Pria tersebut menoleh ke teman-temannya. Tanpa menanggapi perkataanku. "Ya sudah saya coba cek ke kamar mandi, ya. Mungkin cuma macet aja kuncinya."
Mereka menatapku aneh, namun tetap melanjutkan pekerjaan dengan sedikit terburu-buru. Pintu kamar mandi rupanya benar-benar bisa dibuka, membuat pria tadi garuk-garuk kepala dan aku makin berpikir yang tidak-tidak. Anehnya mereka tidak lagi membahas hal ini, seolah sengaja tidak mau memperpanjang masalah. Padahal aku sangat ingin tau pendapat mereka.

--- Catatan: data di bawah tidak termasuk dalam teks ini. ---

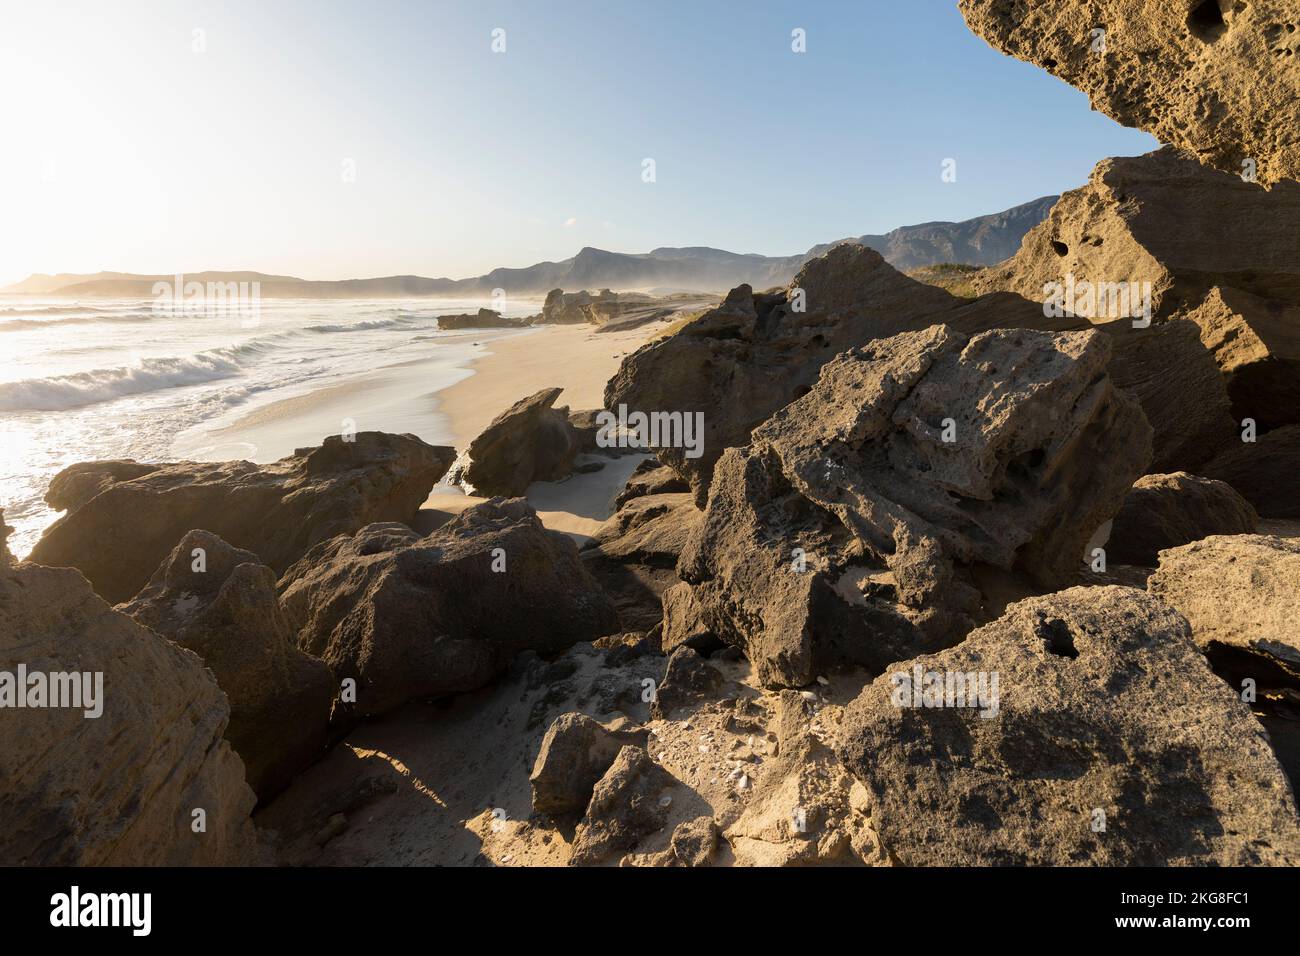 Afrique du Sud, Hermanus, vue des formations rocheuses sur la côte maritime Banque D'Images

"Sudah semua, Mba. Kami undur diri. Nanti kalau ada apa-apa, bilang saja ke satpam. Permisi." Setelah beberapa jam berlalu, pekerjaan mereka selesai. Rupanya aku baru sadar kalau hujan benar-benar reda. Aku terlalu asyik dengan tulisanku sehingga melupakan sekitar. Setelah mereka pergi, suasana kembali hening. Hanya ada detak jarum jam sebagai pengusir sepi. Sebentar lagi akan petang, Mey belum juga muncul. Alhasil aku meraih gawai di meja kemudian mengirimkan pesan padanya.
Ternyata ada pesan lain dari Indi, yang belum kubuka sejak satu jam lalu.
[Ros, di mana? Gue mau ke apart lu, ya. Boleh, kan?]
Wah, kebetulan sekali.
[Oke. Ke sini aja. Buruan, ya.]
[Bentar, ya. Gue mau makan dulu. Lu mau nitip?]
Gagang pintu terdengar seperti hendak dibuka. Bukan pintu apartemen ku, melainkan pintu kamar mandi. Bahkan gerakan tersebut masih nampak jelas saat ini. Jadi itu bukan hanya suara saja. Aku segera beranjak, meletakkan gawai asal.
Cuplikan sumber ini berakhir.